- Also known as: Little Antics Insect Antics Aussie Antics Seaside Antics
- Created by: 2 Sides TV
- Voices of: Derek Griffiths; Jan Francis;
- No. of series: 1 (+ 4 spin-offs)
- No. of episodes: 220

Production
- Running time: 5-15 minutes

Original release
- Network: Channel Five (Milkshake)
- Release: 1997 – 2015

= Animal Antics =

British children's television series

Animal Antics is a twice BAFTA-nominated, live-action British pre-school series which aired on Channel 5's Milkshake strand. It was one of the first original children's program to air when it launched in 1997. The series was produced by Two Side Productions and it Initially run for 80 episodes. Although it only ran for one series, four spin-offs were produced between 2001 and 2015, each narrated by Derek Griffiths.

==Original series==
Animal Antics was created as a flagship show for Channel 5's children's programming strand, 'Milkshake!'. It was one of the first original shows to air on the channel when it launched in 1997.

Each episode features stories of wildlife and farmyard animals narrated by Derek Griffiths in their natural environment.
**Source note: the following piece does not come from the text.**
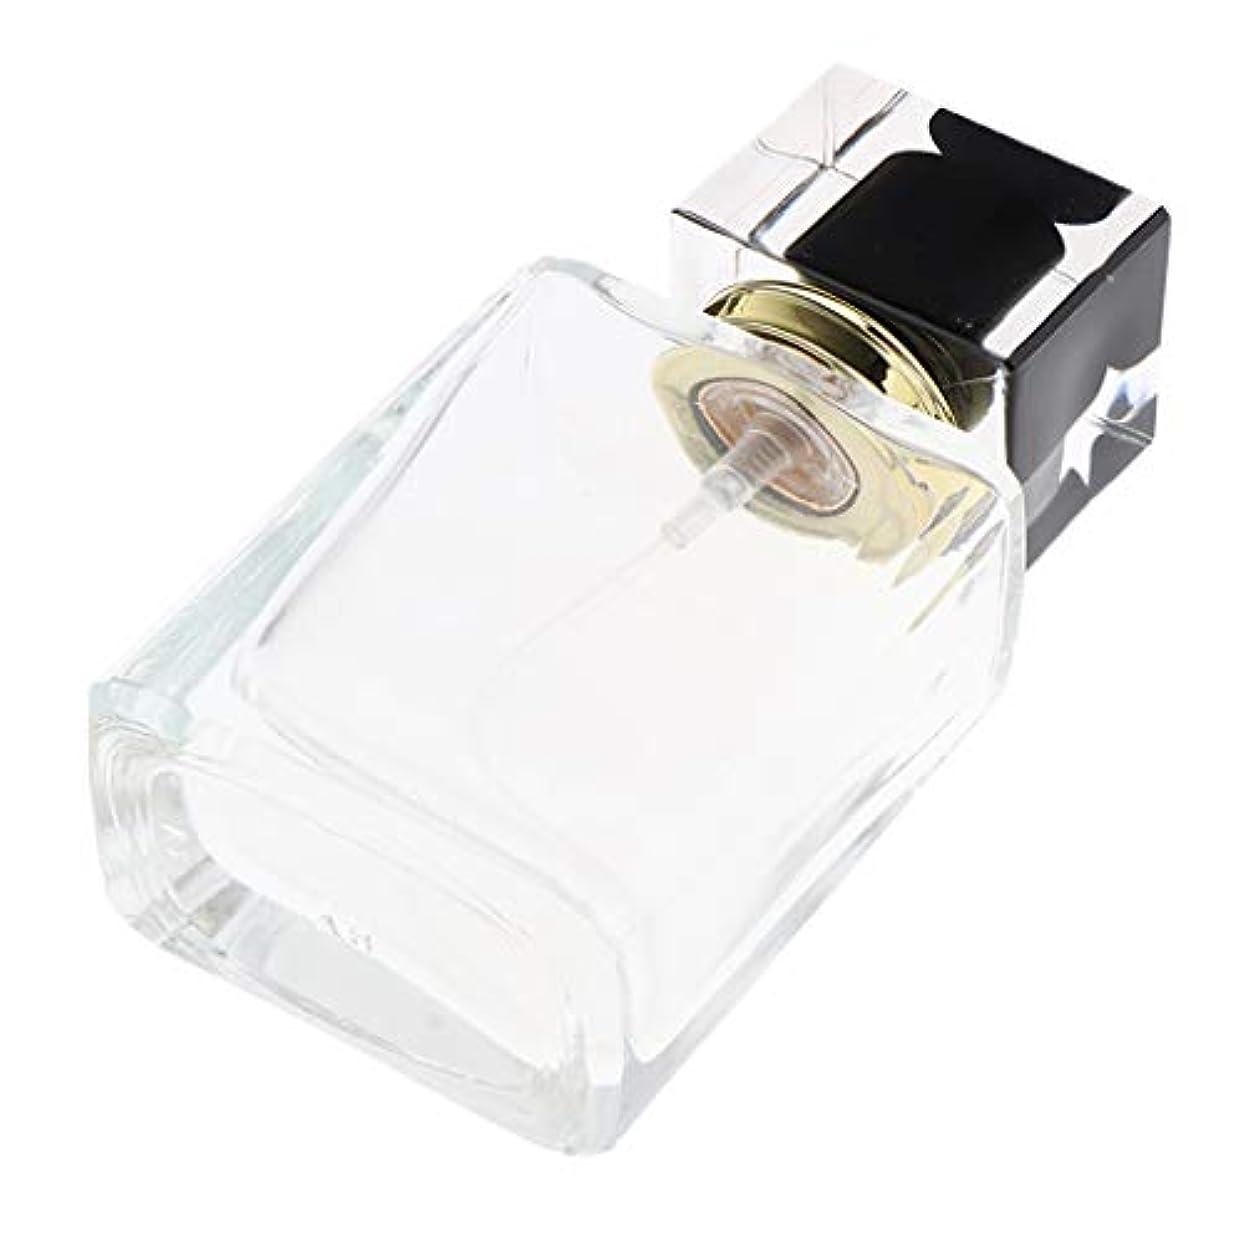 祝うキャロラインカウントCUTICATE 香水瓶 スプレー 香水瓶 ポンプ式 香水ボトル 50ml 正方形 詰め替え容器 通勤/旅行/出張 全5種 - ブラックキャップ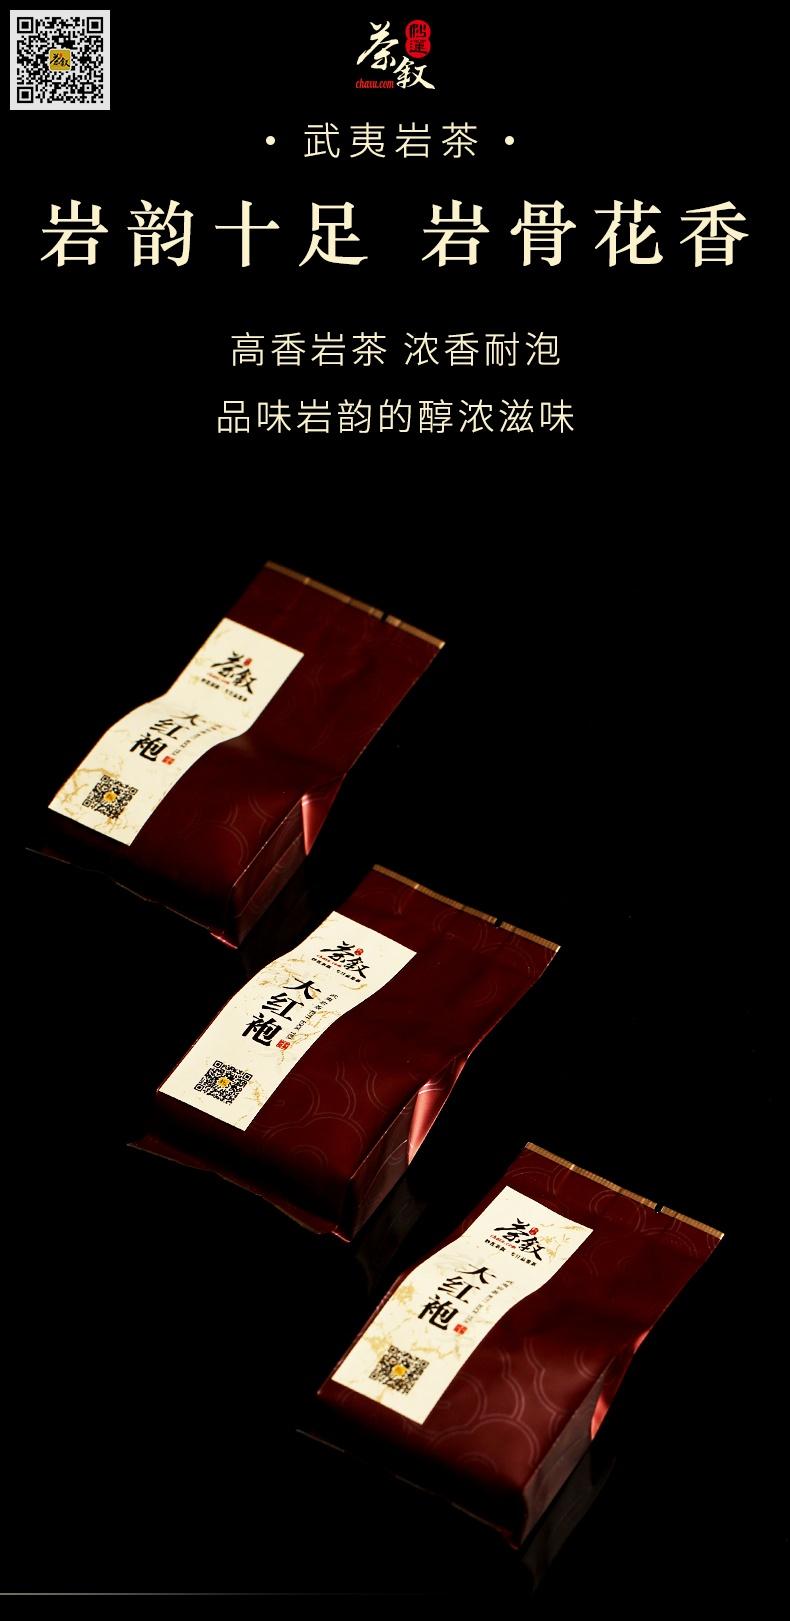 武夷大红袍岩茶工作接待茶泡袋包装

The series took a fly on the wall look into their lives with Griffiths portraying each animal in a comedy style.

The show aired on weekday mornings, and episodes also aired on weekends during Tickle, Patch and Friends. The show has been broadcast around the world on Nick Jr. A Welsh version of Insect Antics dubbed 'Y Crads Bach' for S4C aired in 2000. In 2018, episodes started airing on the 'Wizz' YouTube channel for children.

==Spin-Off series==

===Little Antics===
In 2001, a spin-off series entitled 'Little Antics' was produced, airing 40 episodes, and like Animal Antics, the series adopted the fly on the wall style. This time each episode followed the lives of young children and their families, both in and out of school, mainly in a reception class in Malvern. Again, this was narrated by Derek Griffiths with Jan Francis. This series was directed by Lisa Evans. This series was rerun on Tiny Living in 2003.

===Insect Antics===
In 2003, another 40-episode spin-off series aired, again, narrated by Griffiths. This series was directed by Tracy Nampala, but now followed the lives of insects. Victoria Arlidge provided the music for this series. One episode was featured on the 'Milkshake! Treats' DVD, released in 2005.

===Aussie Antics===
Another spin-off series was produced in 2004, airing 40 episodes, but this time, showing different animals in their natural environment with a focus on Australian wildlife. Tracy Nampala also directed this series.

===Seaside Antics===
In 2015, a new set of 20 episodes started airing, following a host of different animals that live by the coast. This series was produced by Catherine Robins and aired a decade after the last. Again, Griffiths narrated. This is the last 'Antics' series to have aired to date.